Personal information
- Full name: Gerardo Miguel Bravo Benavides
- Date of birth: December 22, 1981 (age 43)
- Place of birth: Lima, Peru
- Height: 6 ft 0 in (1.83 m)
- Position(s): Midfielder

Youth career
- 2006–2008: Los Angeles Mission Eagles

Senior career*
- Years: Team / Apps / (Gls)
- 2007: San Fernando Valley Quakes / 4 / (0)
- 2011: Los Angeles Blues / 6 / (1)

= Gerardo Bravo =

Peruvian footballer (born 1981)

Gerardo Miguel Bravo Benavides (born December 22, 1981, in Lima) is a Peruvian retired footballer.

==Career==
===College and amateur===
Bravo moved with his family from his native Peru to the United States as a teenager, settling in Sylmar, California.
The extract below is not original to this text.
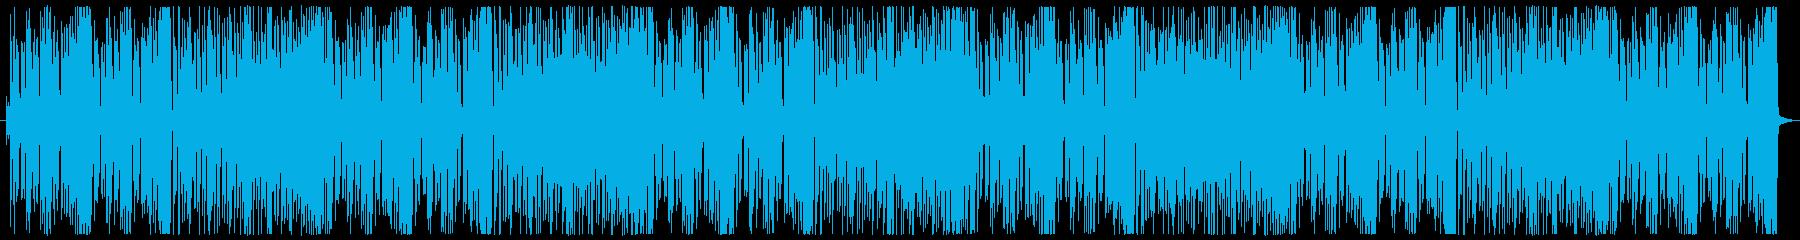 アップテンポでテンション高めのBGMの再生済みの波形
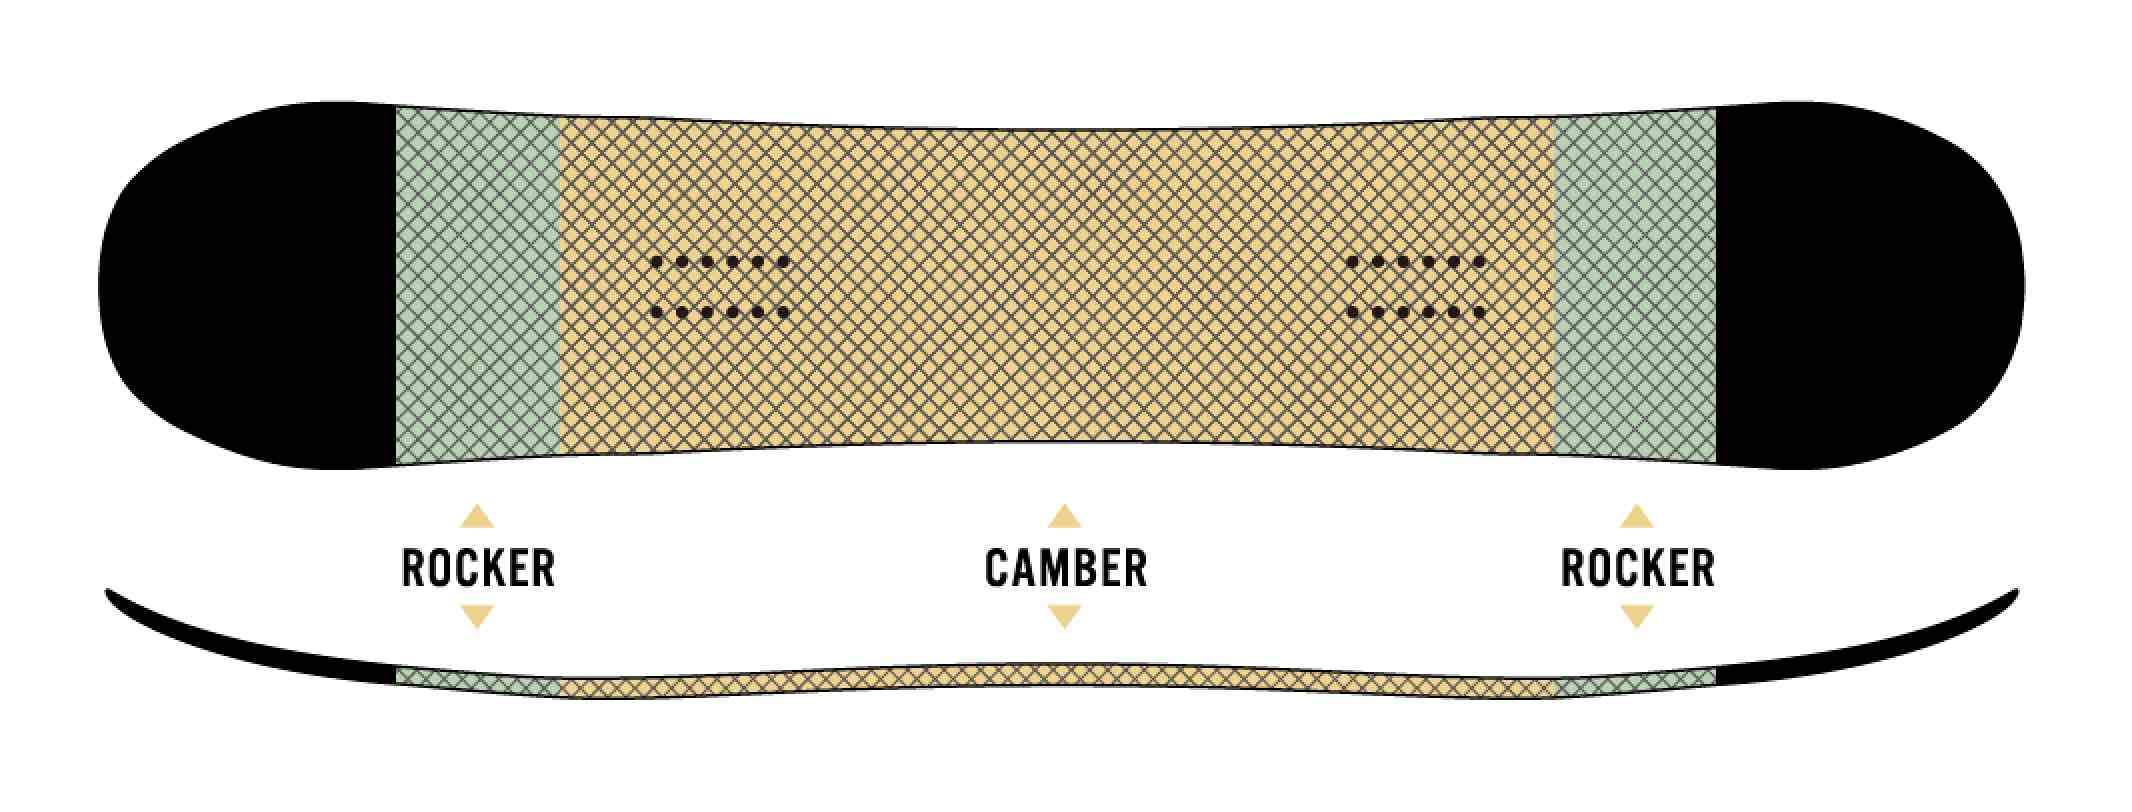 ボードのセンター部分はキャンバーで、ノーズとテールに少しだけロッカーを取り入れたCAMROCK。キャンバーが得意とするキレのあるエッジングと高い反発力、そしてロッカー特有の取り回しのよさを併せ持っている

He played college soccer at Los Angeles Mission College from 2006 to 2009. He also played briefly with the San Fernando Valley Quakes in the USL Premier Development League in 2007.

===Professional===
After playing and coaching for several years in various Los Angeles-area amateur leagues, Bravo turned professional when he signed with the expansion Los Angeles Blues of the new USL Professional League in February 2010. He made his professional debut - and scored his first professional goal - on April 15, 2011, in a 3–0 victory over Sevilla Puerto Rico

==Personal==
Gerardo's brother, Jhonny Bravo, is also a professional soccer player.